Potential Challenges with the Use of Future or Hybrid Test Periods

May 18, 2015 by Kelly S. Earls, Of Counsel | Kay Pashos, Partner | Steven W. Krohne, Partner
Potential Challenges with the Use of Future or Hybrid Test Periods

The following is an excerpt from Ice Miller's Pathways to Success for Utilities Guide which provides insights on a variety of topics potentially impacting utility service providers. 

Some utilities that choose to use fully- or partially-forecasted test periods may find it difficult to comply with the Indiana Utility Regulatory Commission's (IURC) Minimum Standard Filing Rule, which was designed for historic test periods.

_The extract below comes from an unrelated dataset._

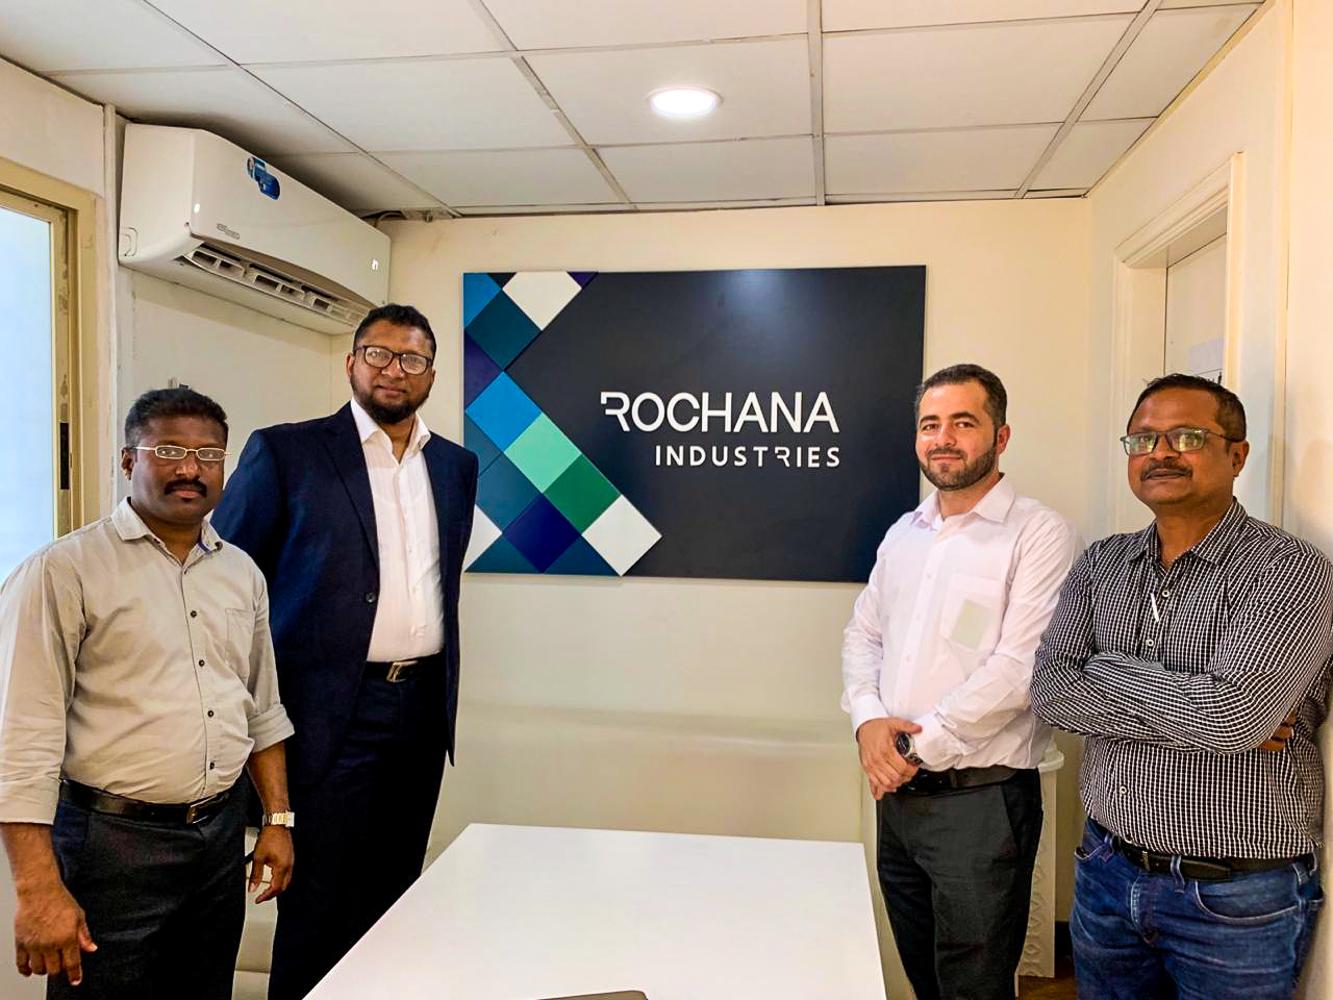 Rochana Industries: Photo 2

If a utility intends to file a rate case using a future or hybrid test period, it will be important to methodically assess how each of the minimum standard filing requirements can best be addressed for the selected test period. 

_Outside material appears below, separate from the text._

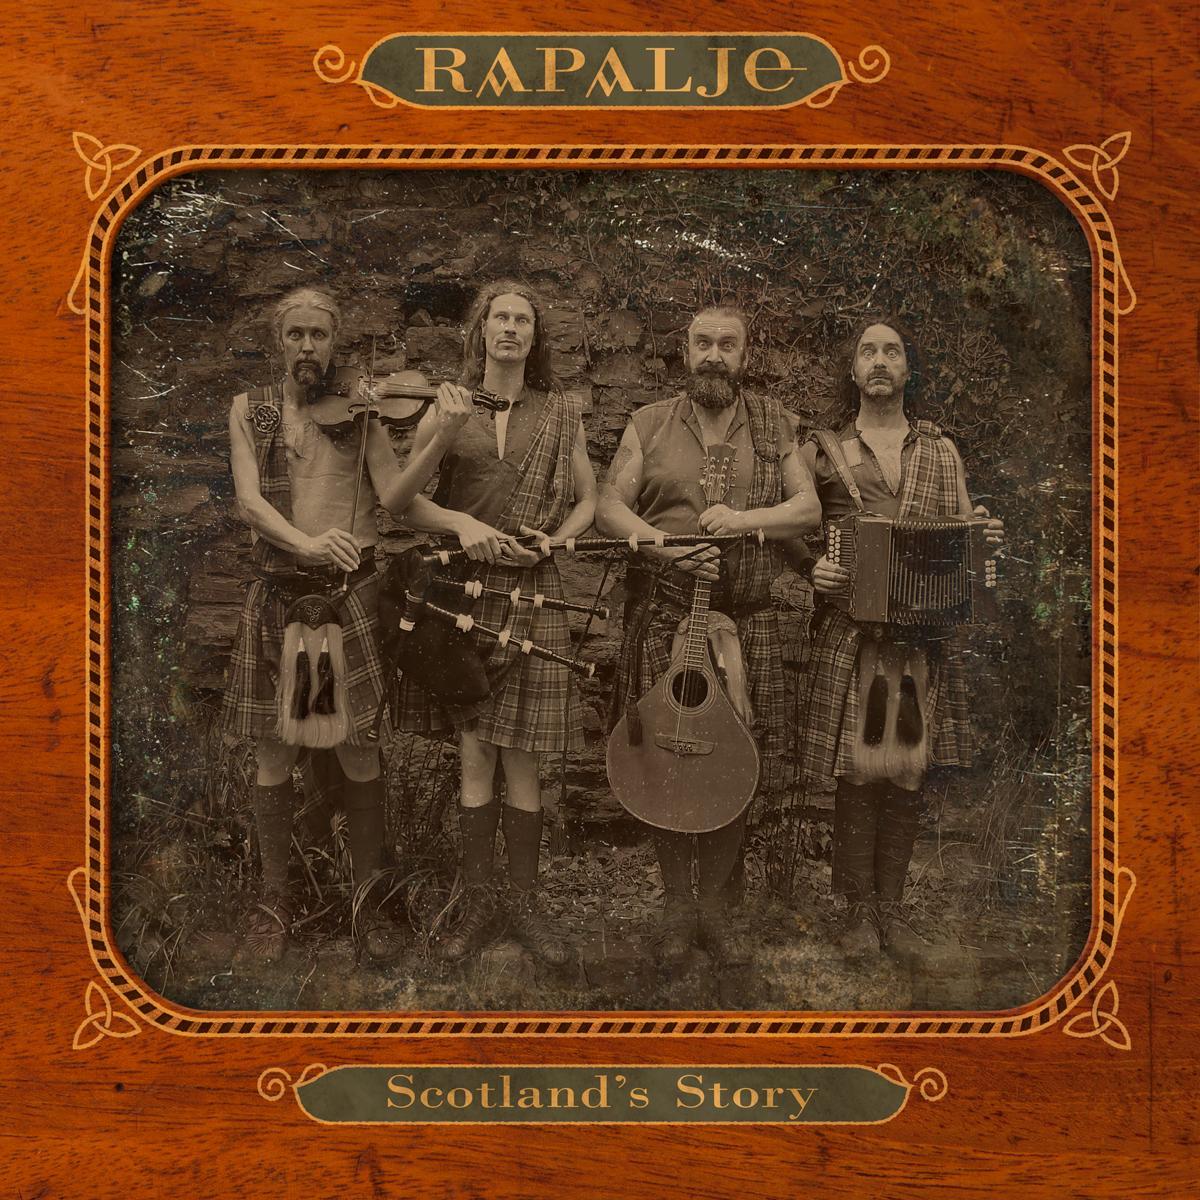 schotlands-story-rapalje-album-back

In addition, certain minimum standard filing requirements do not apply to municipally-owned utilities, because they were designed for investor-owned utilities.

The IURC’s best practices outlined in the GAO may present other challenges. For example, providing supporting documentation for any changes between the historic “base” period and the test period chosen (if a future or hybrid test period is used), and reflecting each change as an individual adjustment in the revenue requirements schedules and testimony, will require extensive preparation. In addition, any anomalous changes between the base period and test period will need to be explained and justified.

If a fully- or partially-forecasted test period is used, the utility’s budgeting process must not only be “transparent,” it must be robust and sufficiently detailed to convince the IURC that it is reliable and can reasonably form the basis for setting rates.

Additionally, thought must be given to reconciling a future test period with Indiana’s legal requirement that plant additions be “used and useful” before being eligible to be included in rates. Plant additions that are projected, but not yet in service, at the time of the rate order will require special procedures; for example, certification once an addition is placed in service, and phased in rates to reflect such certifications. A certification procedure was adopted in Indiana-American Water Company’s recent rate case (IURC Cause No. 44450; Jan. 2015).